Çeviri: Yaşam Amacınızı Bulmanız İçin 7 Acaip Soru
Mark Manson Yazar, Düşünür, Yaşama Sevinçlisi
Erkek kardeşim 18’indeyken bir gün salona vals adımlarıyla girdi ve anneme ve bana gururla, bir gün senatör olacağını bildirdi. Annem sanırım ona “a ne güzel şekerim,” muamelesi yaparken, ben de eminim bir çanak yemiş ile meşguldüm.

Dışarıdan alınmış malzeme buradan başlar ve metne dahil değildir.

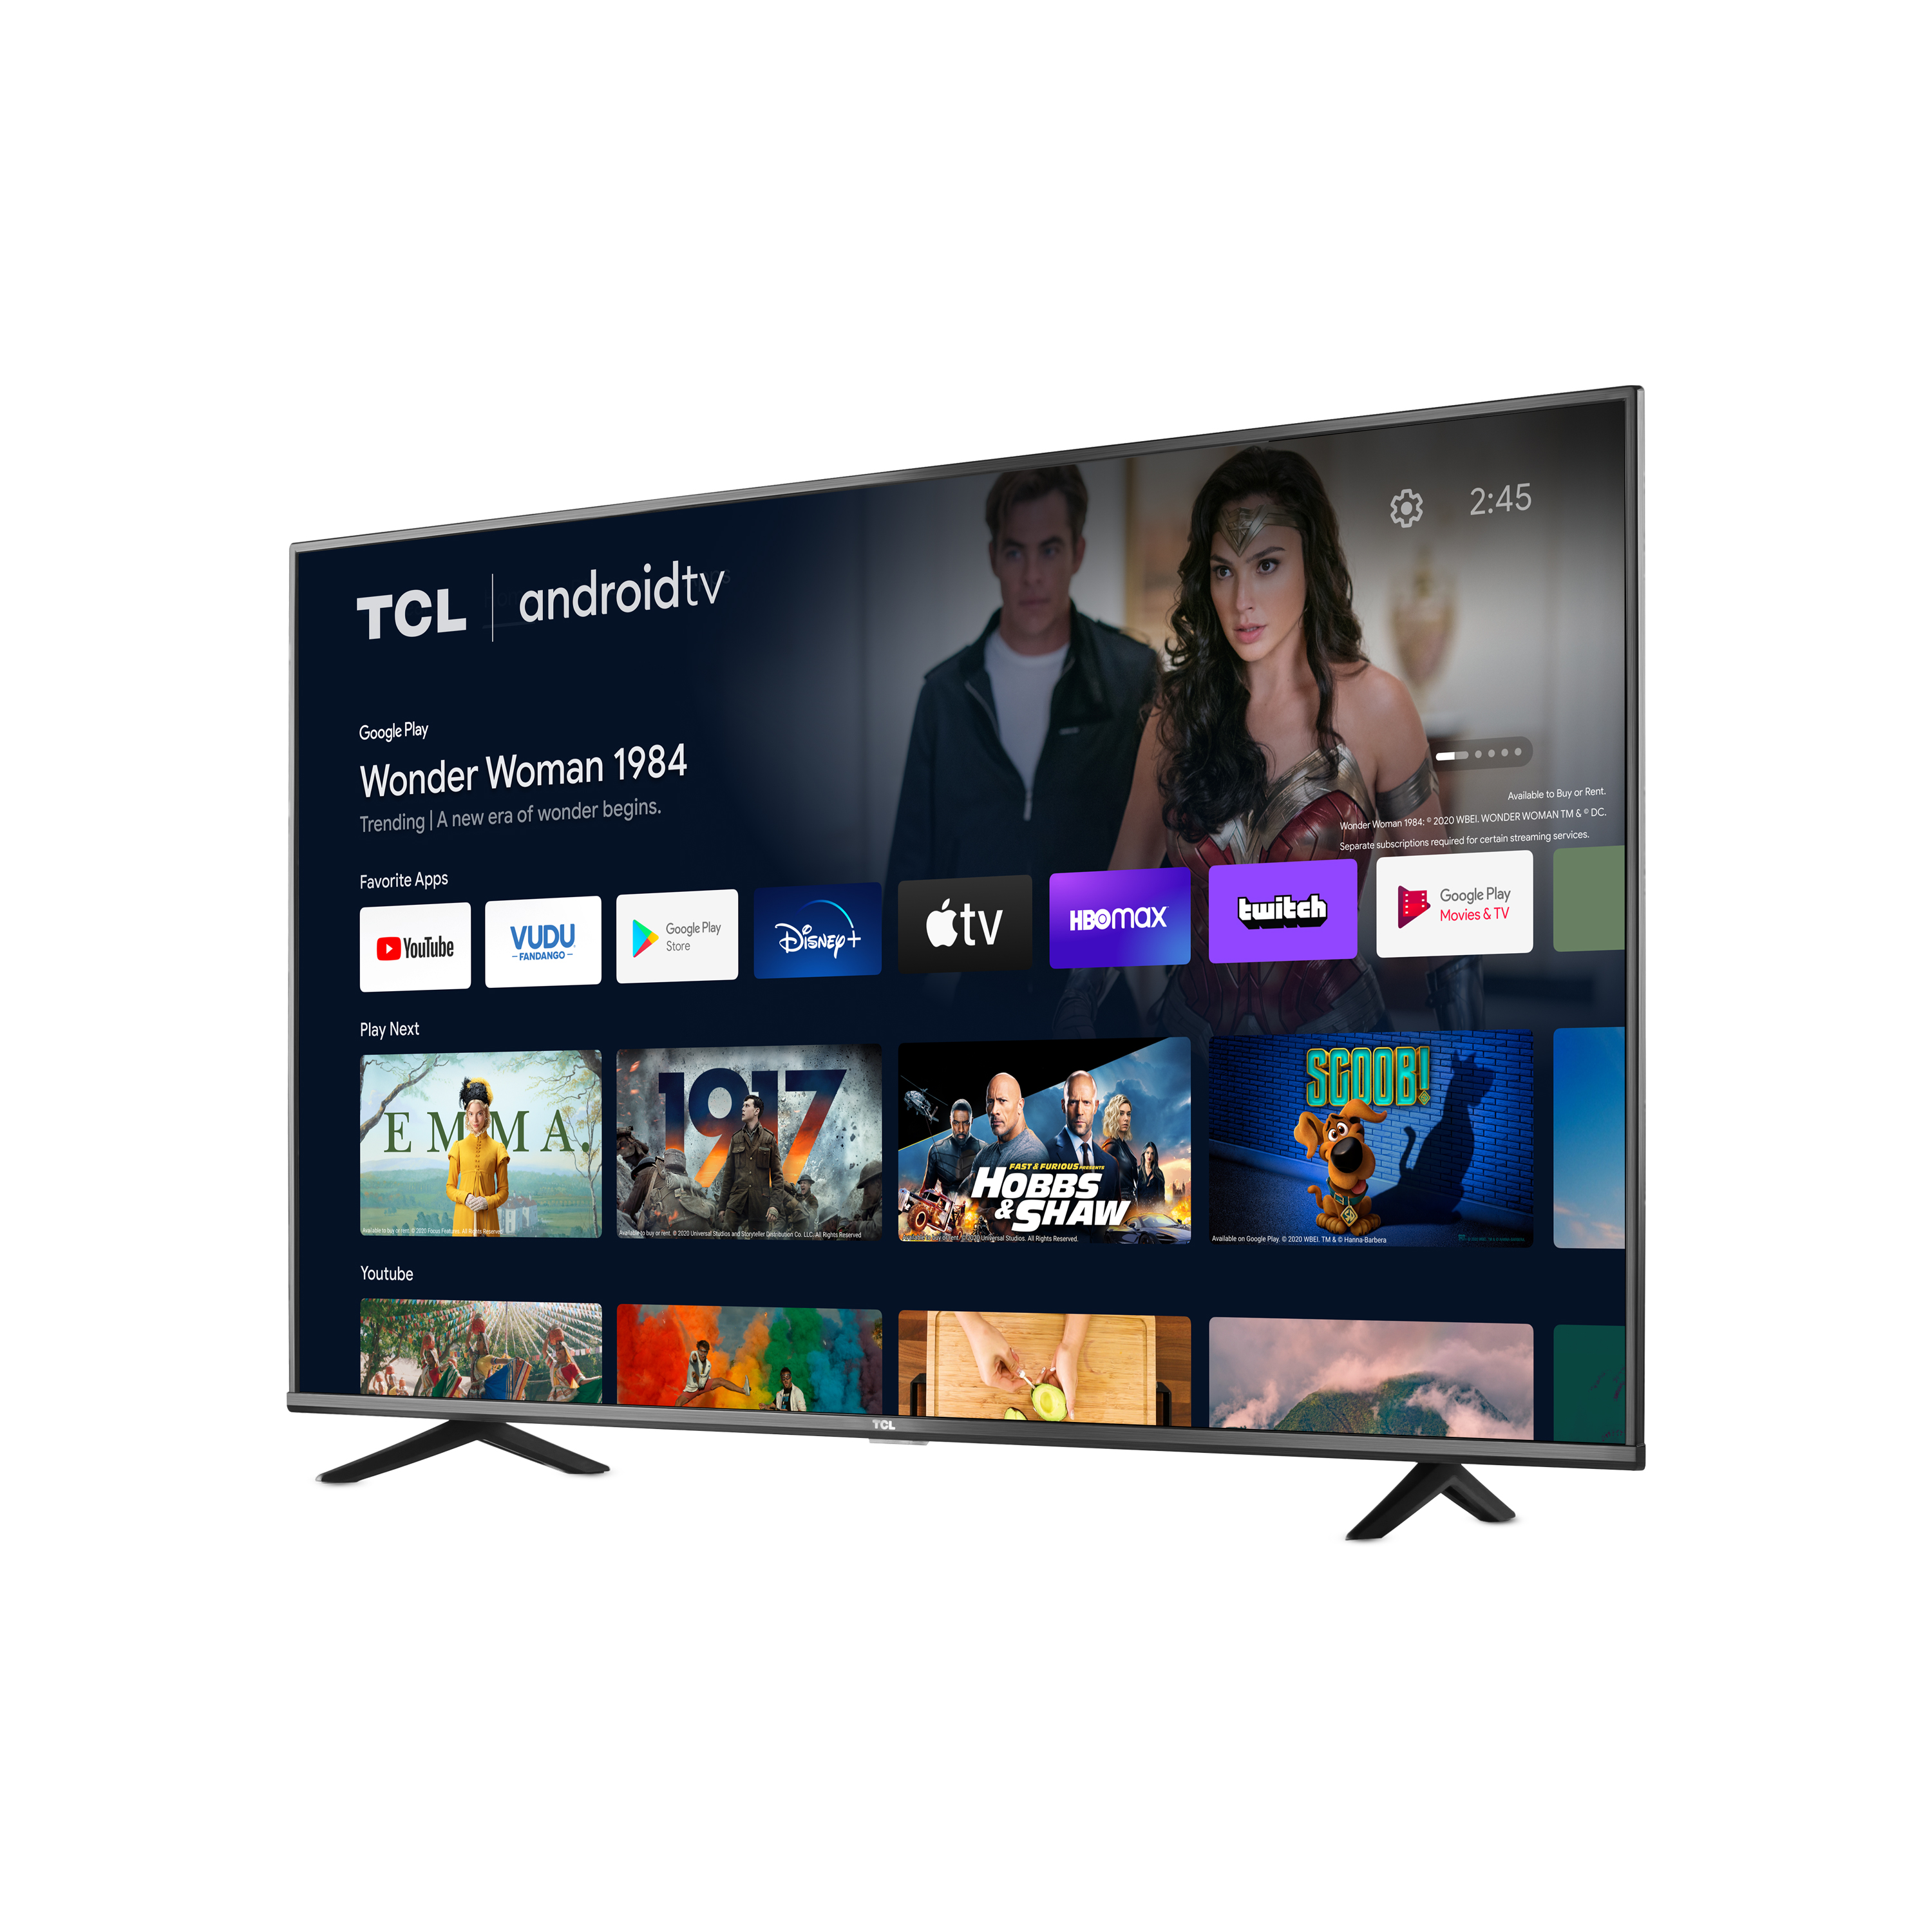 TCL 55" Class 4-Series 4K UHD HDR Smart Android TV - 55S434 - image 4 of 11

Ancak 15 yıl boyunca bu duruş kardeşimin bütün hayati kararlarını etkiledi: Ne okuduğu, nerede yaşadığı, kimlerle ilişki kurduğu, hatta tatillerinde ne yaptığı ve kimlerle olduğu bile buna bağlı oldu.
Şimdi, yarı ömür çabası sonunda, büyük bir siyasi partinin il başkanı ve eyaletin en genç hakimi oldu. Önümüzdeki bir kaç yıl içinde seçime de giriyor olacak.
Yanlış anlamayın, kardeşim aslında zıpırın tekidir.
Çoğumuzun hayatımızla ne yapacağımıza dair en küçük fikri yoktur. Okul bittikten sonra bile. İşe girdikten sonra bile. Hatta para kazanmaya başladıktan sonra bile. 18-25 yaşım arasında kariyer beklentilerimi, iç çamaşırı değiştirdiğimden daha sık değiştirirdim. İşim olduktan sonra bile, net olarak hayattan ne istediğimi ancak 28’imden sonra tanımlayabildim.
Büyük olasılıkla siz de benim gibisiniz ve hayattan ne beklediğinizi bilmiyorsunuz. Bu neredeyse her yetişkinin mücadele ettiği bir şey. “Hayatta yapmak istediğim şey ne”, “Benim tutkum nedir”, “Berbat olmadığım bir şey nedir”. 40-50 lerinde insanlardan aldığım epostalarda hala hayattan kendileri için ne istediklerini bilemeyenlere rastlıyorum.
Sorunun bir bölümü, “yaşam amacı” kavramının kendisidir. Bu, herbirimizin daha yüce bir amaç için doğduğumuz ve görevimizin de bu amacı bulmak olduğu fikridir. Bu tıpkı enerji kristalleri veya şanslı sayınızın salı günleri hariç, 34 olması gibi boktan bir mantık aslında.
Gerçek şu. Bu dünyada belirsiz bir süre için varız. Bu süre içinde bir şeyler yapıyoruz. Bunların bazıları önemli, bazıları değil. O önemli olanlar, hayatımıza anlam ve mutluluk katıyor. Önemsiz olanlar aslında sadece vakit kaybı oluyor.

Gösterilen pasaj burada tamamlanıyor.